Reputation: 43
I'm trying to read a unstructured csv file using pandas read_csv()
. The problem is some of the files have rows with extra columns as shown below in the sample input.
sample input:
col0,col1,col2
a,b,c
a,b,c,d
a,b,c
a,b,c,d
While handling these kind of files the program throws some ParseError
ParserError: Error tokenizing data. C error: Expected 3 fields in line 3, saw 4
sample output :
col0 | col1 | col2 | col3
a | b | c | NaN
a | b | c | d
a | b | c | NaN
a | b | c | d
I don't want to ignore the lines with error_bad_lines = False
parameter in pandas read_csv()
.
Any kind of help will be highly appreciated.
Upvotes: 2
Views: 2408
Reputation: 863166
One possible solution is preprocessing first and find max number of separators, and set parameter names
by range
:
path_csv = 'file.csv'
with open(path_csv) as f:
lines = f.readlines()
num = max(l.count(',') for l in lines) + 1
print (num)
4
df = pd.read_csv(path_csv, names=range(num))
print (df)
0 1 2 3
0 col0 col1 col2 NaN
1 a b c NaN
2 a b c d
3 a b c NaN
4 a b c d
Similar if header is not important, so possible remove it:
df = pd.read_csv(path_csv, names=range(num), skiprows=1)
print (df)
0 1 2 3
0 a b c NaN
1 a b c d
2 a b c NaN
3 a b c d
Another more dynamic solution is add values to header:
path_csv = 'file.csv'
with open(path_csv) as f:
lines = f.readlines()
#get header to list
header = [x.strip() for x in lines[0].split(',')]
#get max number of separator
max_num = max(l.count(',') for l in lines)

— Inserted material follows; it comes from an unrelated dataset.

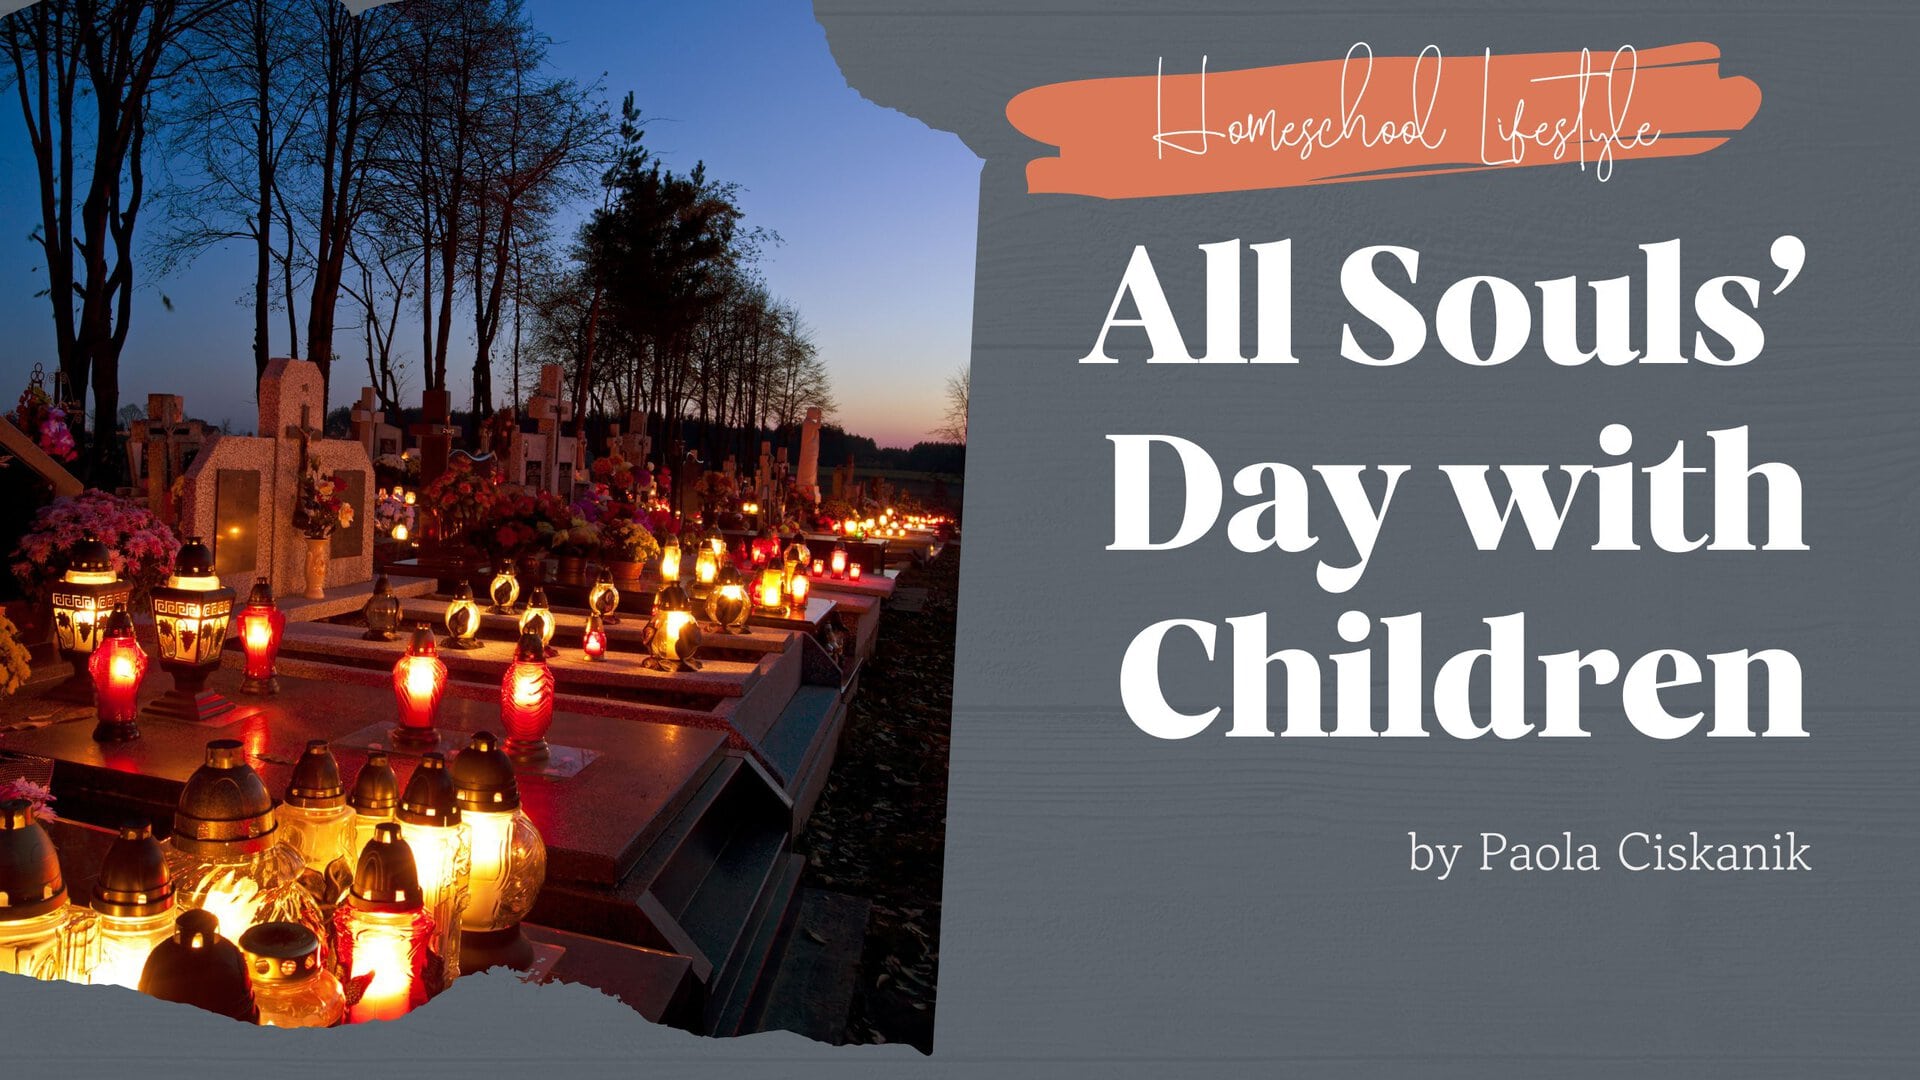 All Souls’ Day with Children

#add missing header values by range
if len(header) < max_num + 1:
header = header + list(range(max_num-len(header) + 1))
print (header)
['col0', 'col1', 'col2', 0]
df = pd.read_csv(path_csv, names=header, skiprows=1)
print (df)
col0 col1 col2 0
0 a b c NaN
1 a b c d
2 a b c NaN
3 a b c d
Upvotes: 2